**GIVEN DATA**
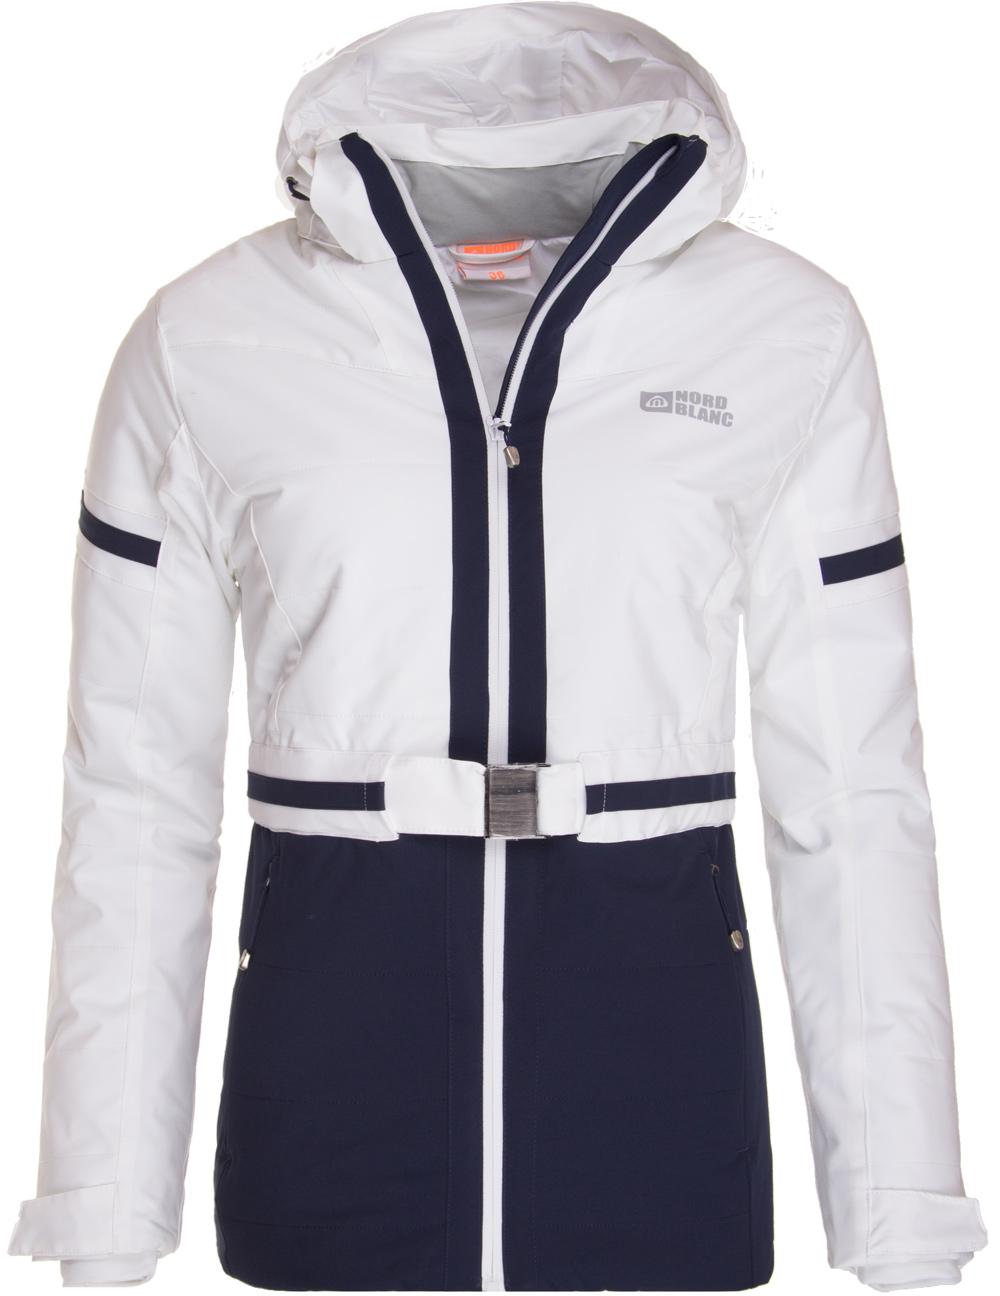 Lyžařská bunda dámska NORDBLANC Ornate - NBWJL6426
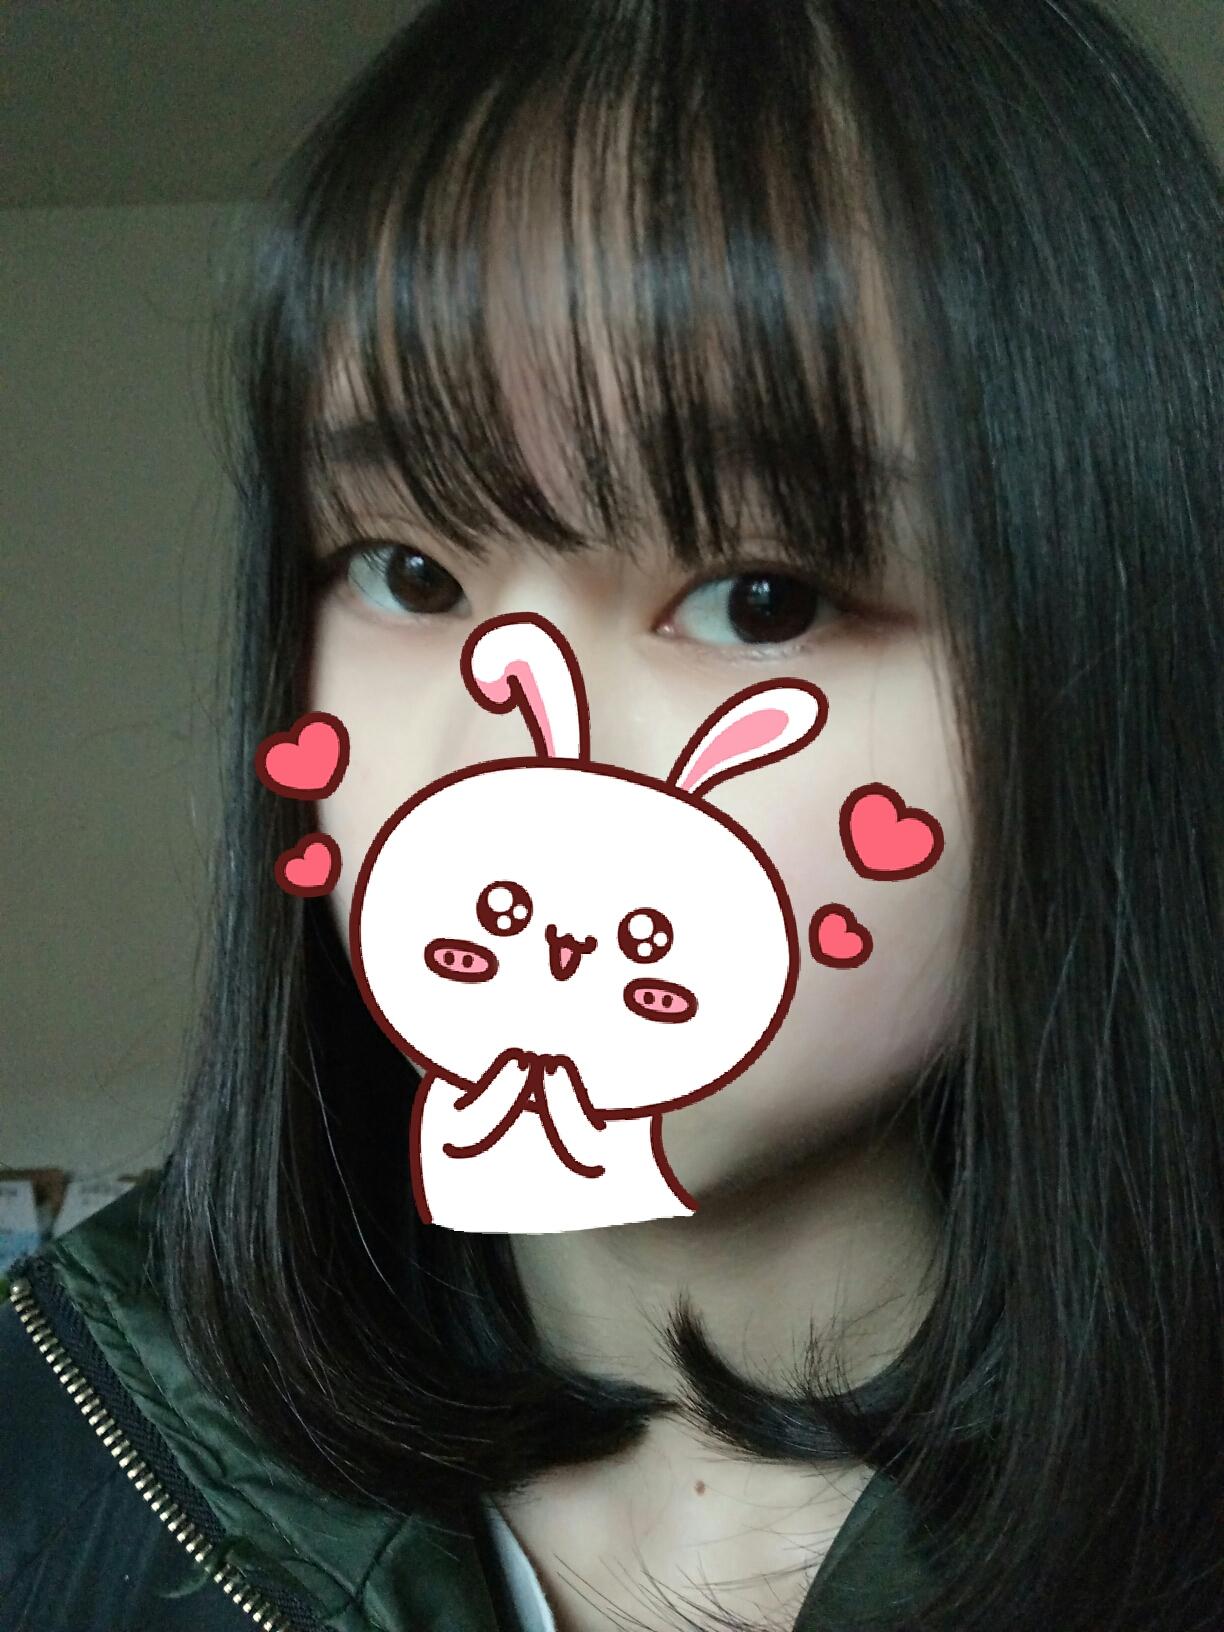 1484815895494_832b3c8d-0ab1-4d9f-9b88-72c81f41f38a_by_weibo_editor.jpg
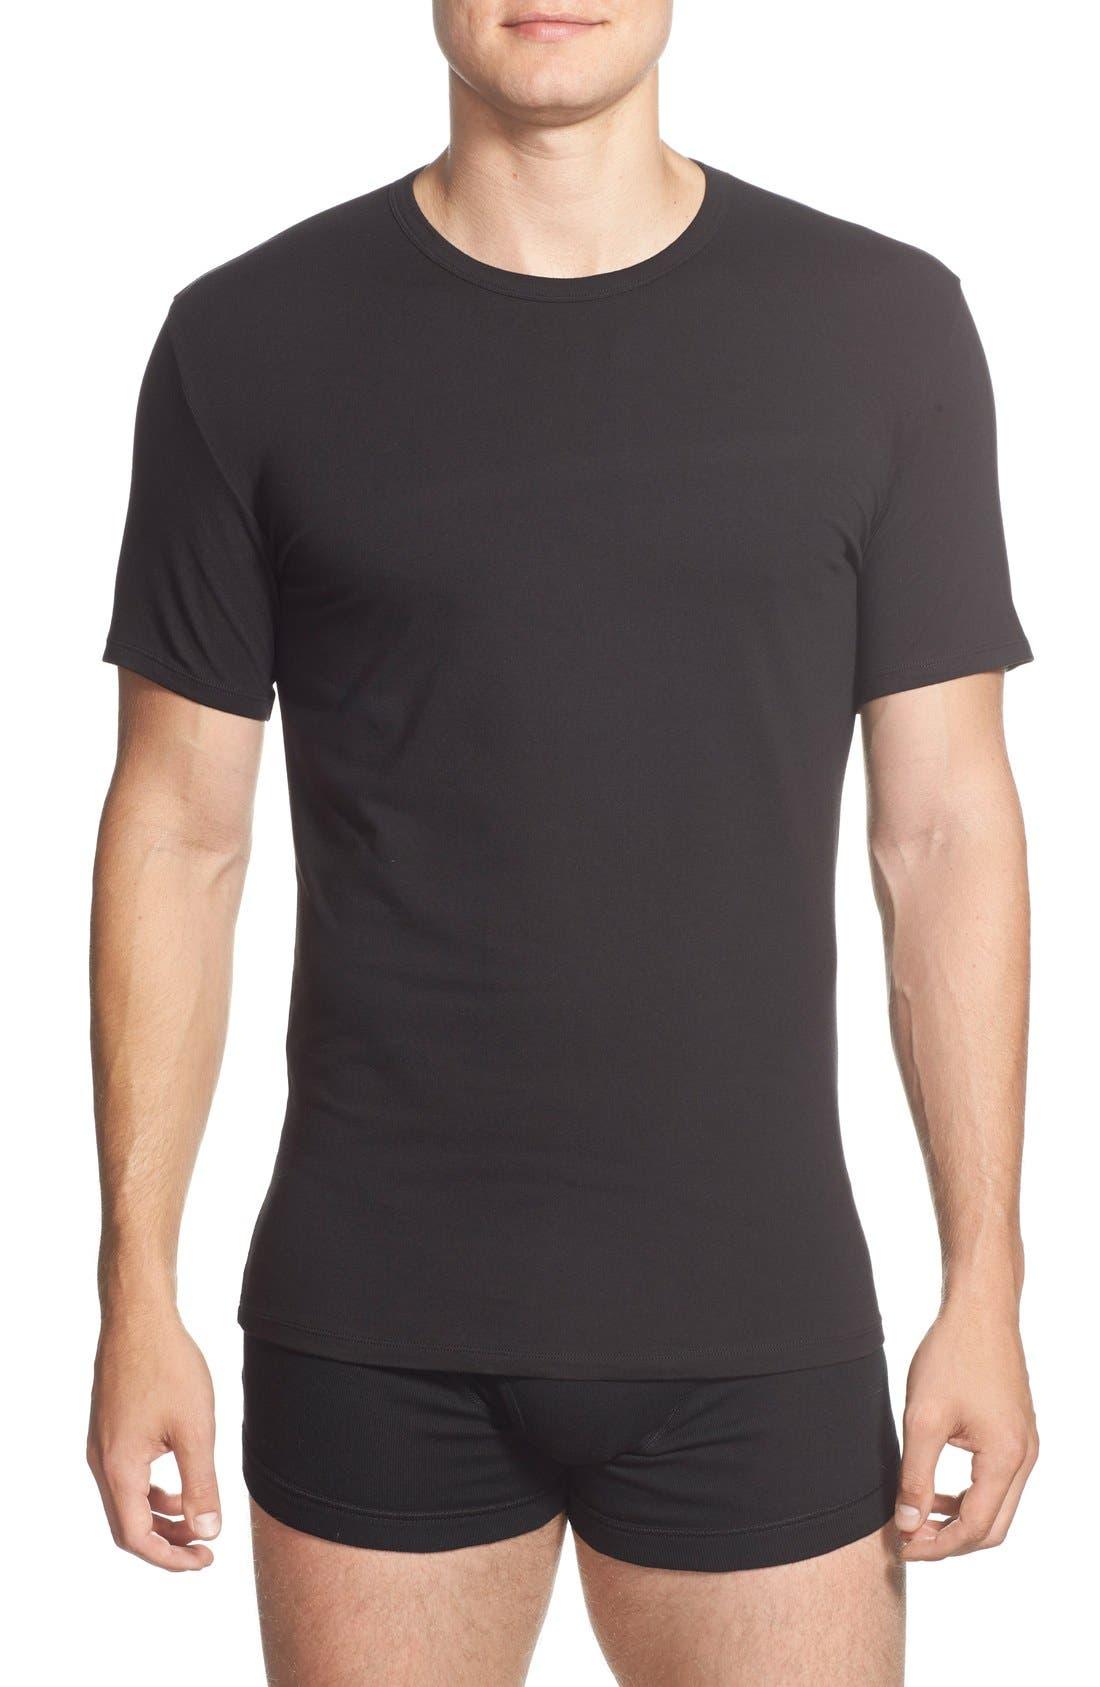 Main Image - Calvin Klein 2-Pack Stretch Cotton Crewneck T-Shirt
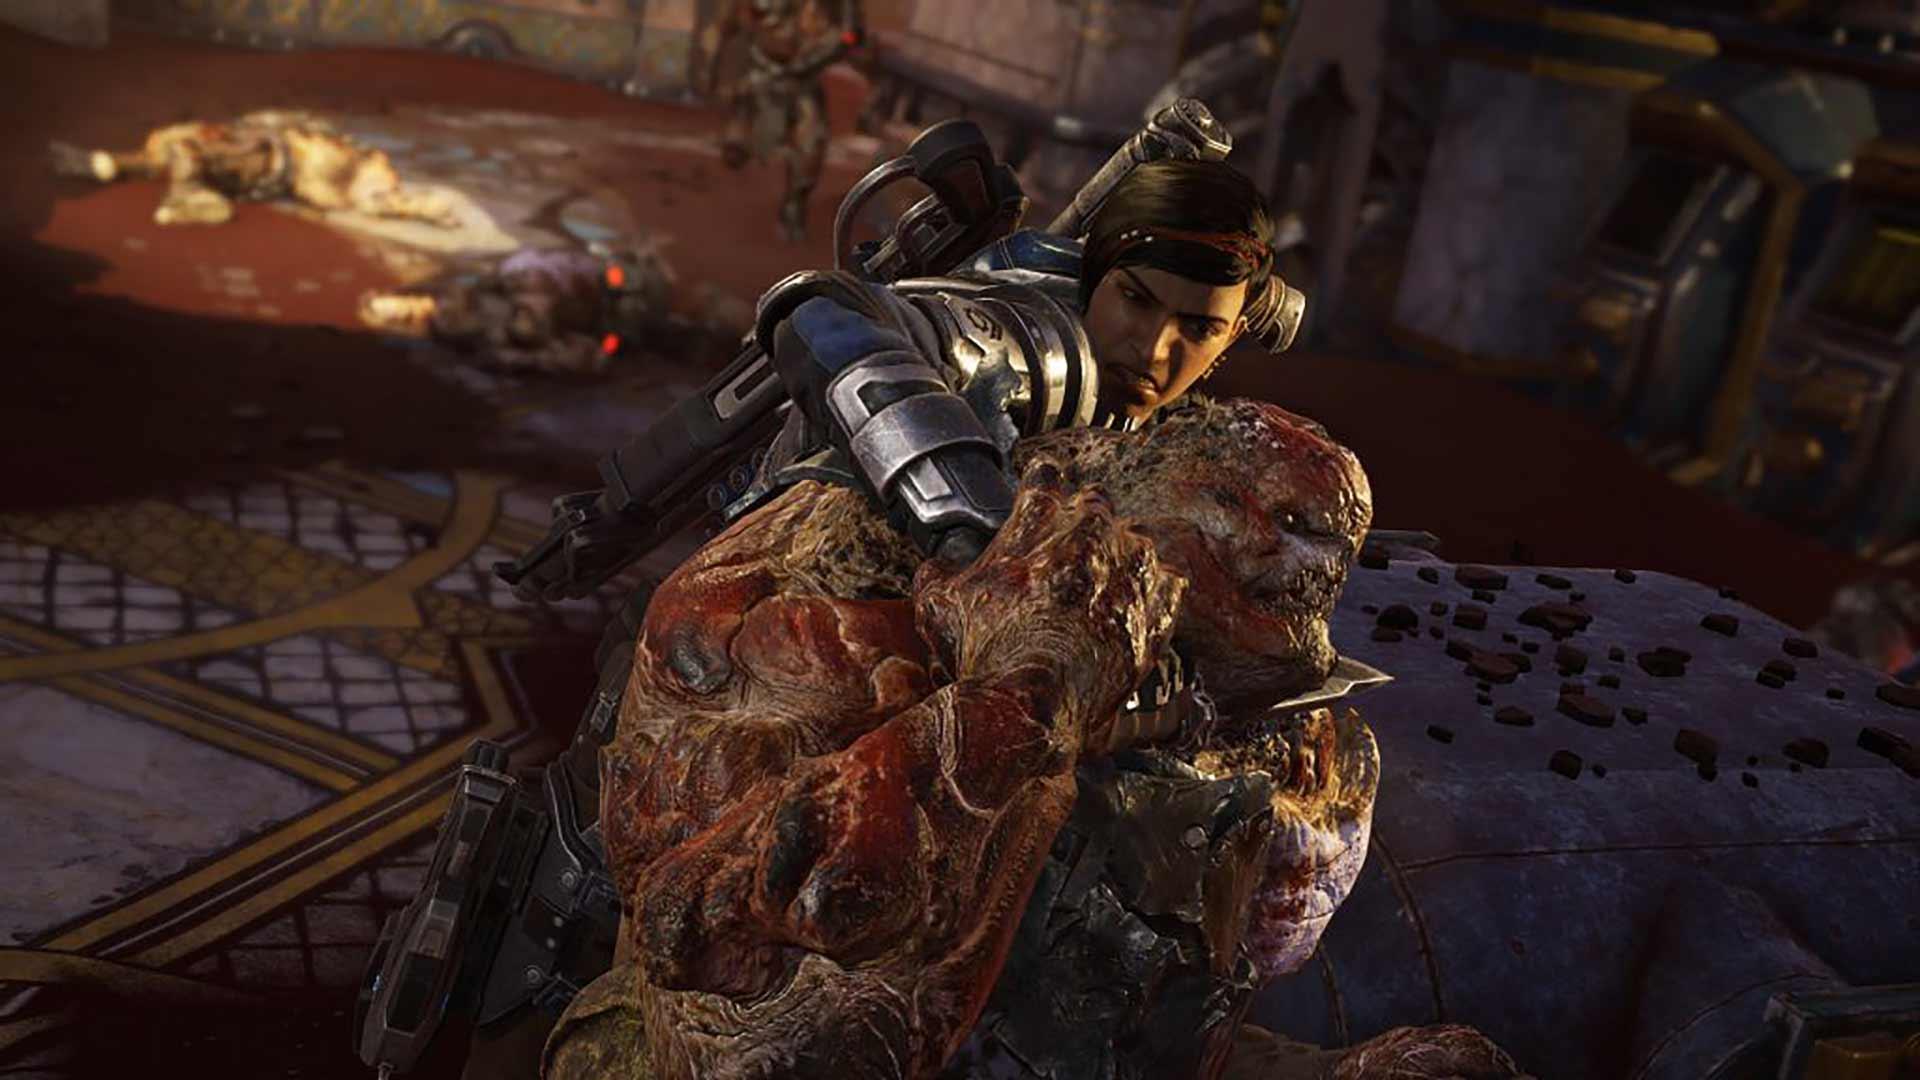 Gears 5 multiplayer director talks evolving Horde Mode, Halo

**ASSIGNED TASK**
Return an exact copy of the data above, apart from any pictures.

**EXERCISE ANSWER**
 Lyžařská bunda dámska NORDBLANC Ornate - NBWJL6426
 1484815895494_832b3c8d-0ab1-4d9f-9b88-72c81f41f38a_by_weibo_editor.jpg
 Main Image - Calvin Klein 2-Pack Stretch Cotton Crewneck T-Shirt
 Gears 5 multiplayer director talks evolving Horde Mode, Halo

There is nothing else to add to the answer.